The current band lineup includes Kolassa, vocals; David Dunavent, guitar; Chris Stephenson, keyboards; Leo Goff, bass; Lee Andrew Williams, drums; and backing vocalists Susan Marshall and Daunielle Hill. Musical guests include guitarists Jeff Jensen and Toranzo Cannon; horn players Marc Franklin, Kirk Smothers and Sauvo Jones; harp aces, Eric Hughes and J.D. Taylor; keyboardist Marty Sammon; violinist Alice Hansen; and Mike Wilson, puccolo, a form of whistling.
Kolassa, a great songwriter, has always had a sharp sense of humor and calls his original music “free range blues”. He like many of us enriches life through the music. He opens with “I Can’t Slow Down” and the lyric “I gotta keep movin’, that’s the way I feel…I can’t slow down, I’m afraid I’ll stop”.
“US 12 to Highway 49” opens with Hughes harmonica. Kolassa is at his best when his singing is more a narrative as he is a great storyteller. “I moved from US 12 to Highway 49”.

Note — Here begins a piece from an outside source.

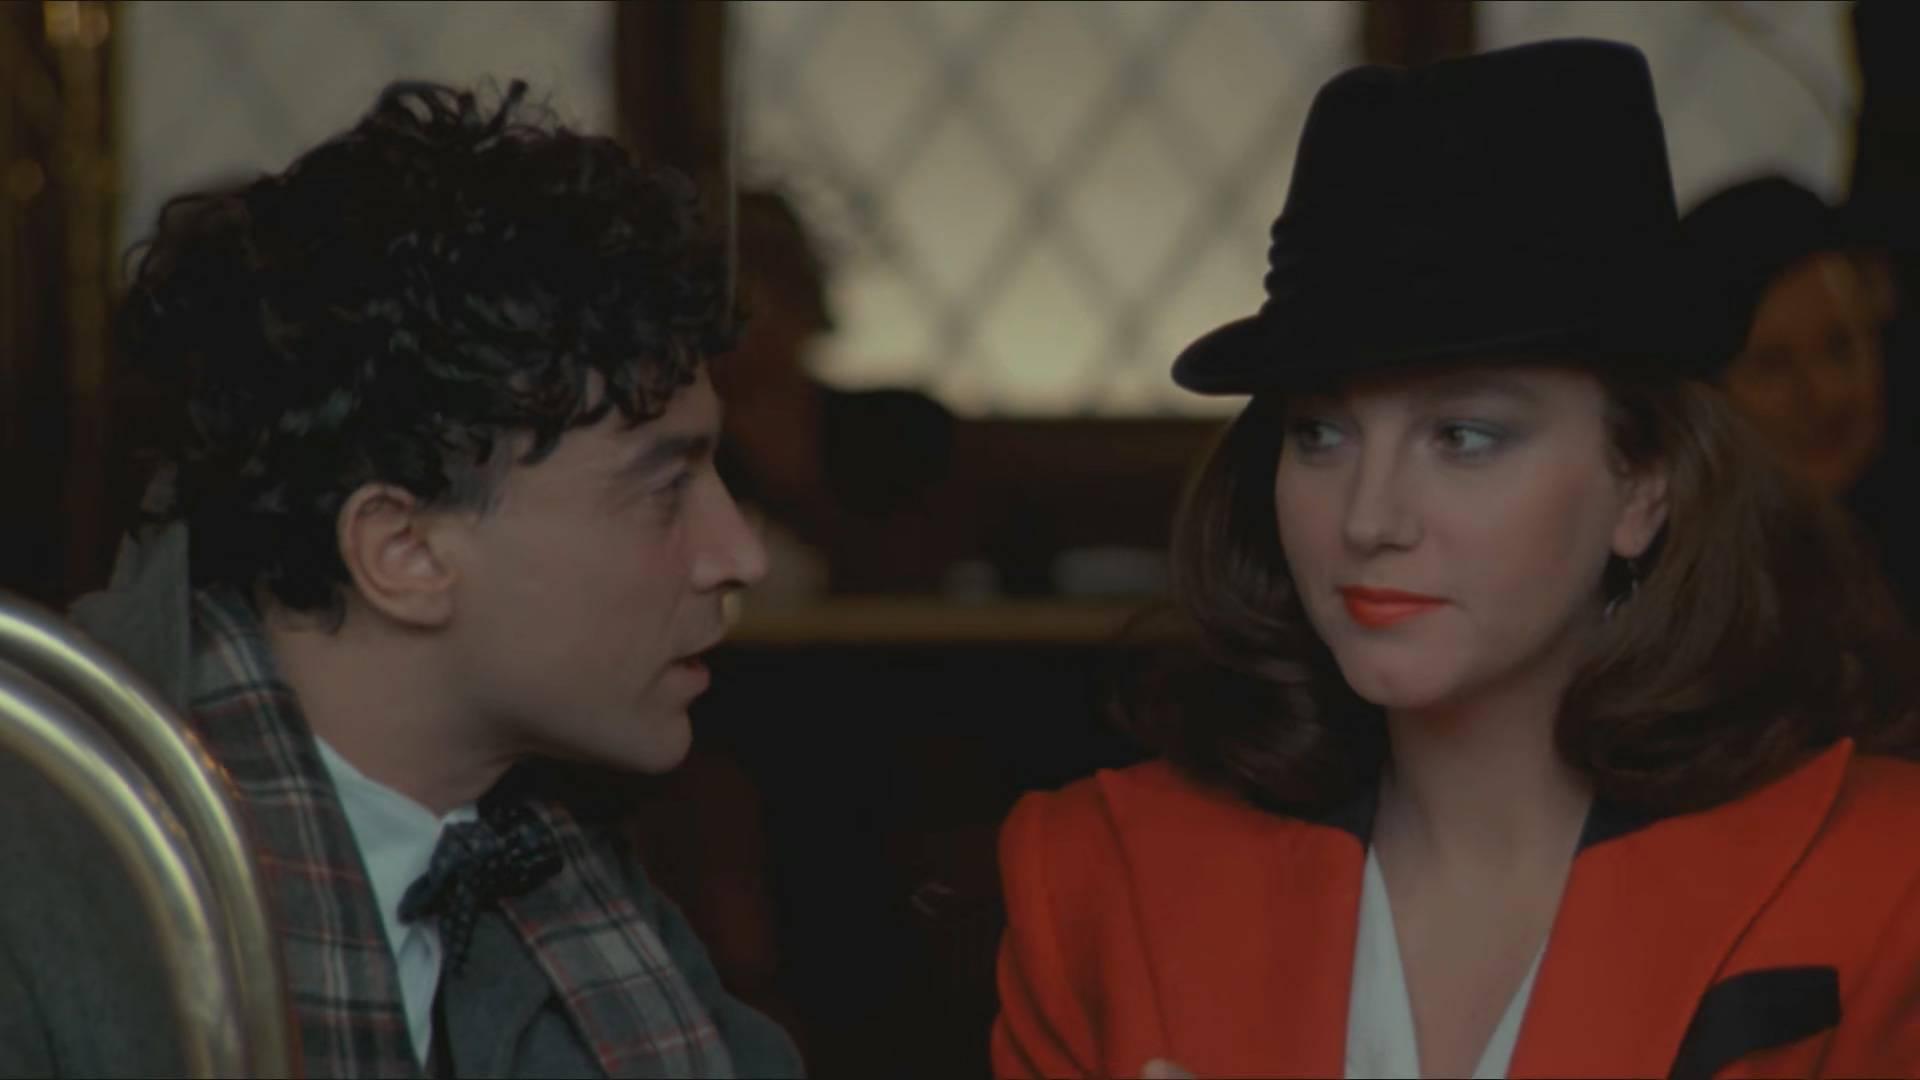 The Key (1983) / AvaxHome

“Alternative Man” and “Alternative Man Alternative” are another narrative “I’m not looking for forever only for a good time…I’m gonna love you for awhile and then let you go”. On “American Intervention” Dunevant’s dramatic playing punctuates the lyric “this is an intervention I can’t watch you killin’ you”.
“Pullin Me Down” is fabulous as it features Stephenson on organ and the horn section of Franklin and Smothers. “Cotton Road” is a highly produced number featuring the background vocalists and Dunavent’s guitar.

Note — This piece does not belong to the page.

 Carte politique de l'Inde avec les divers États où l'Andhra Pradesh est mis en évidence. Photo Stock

“Whiskey in the Mornin” features J.D. Taylor on harmonica showing why his playing is deserving of a BMA nomination, as Kolassa sings “I love my whiskey”. Although not credited in the liner notes Jones can be heard in the background on trombone. On “35 Miles To Empty”, “I got 45 miles to go”, Hughes is featured with a harp solo of his own.
This time the chestnuts are “I Don’t Need No Doctor”, written by Ashford and Simpson, featuring the horn section with a fabulous trumpet solo from Franklin. “Miss Boss” from Larry Garner “my lady, she’s a boss, call the woman what you want to, I call mine Miss Boss”, with background laughter provided by Marshall and Hill; and “The Viper”, the classic with the lyric, “I had a dream about a reefer that was five foot long”, this time with horn players Franklin and Jones, as Hansen is added on violin.
Kolassa is the hooker who gives his music away for free. I gotta’ listen more to this fabulous album. Thank you, Mick.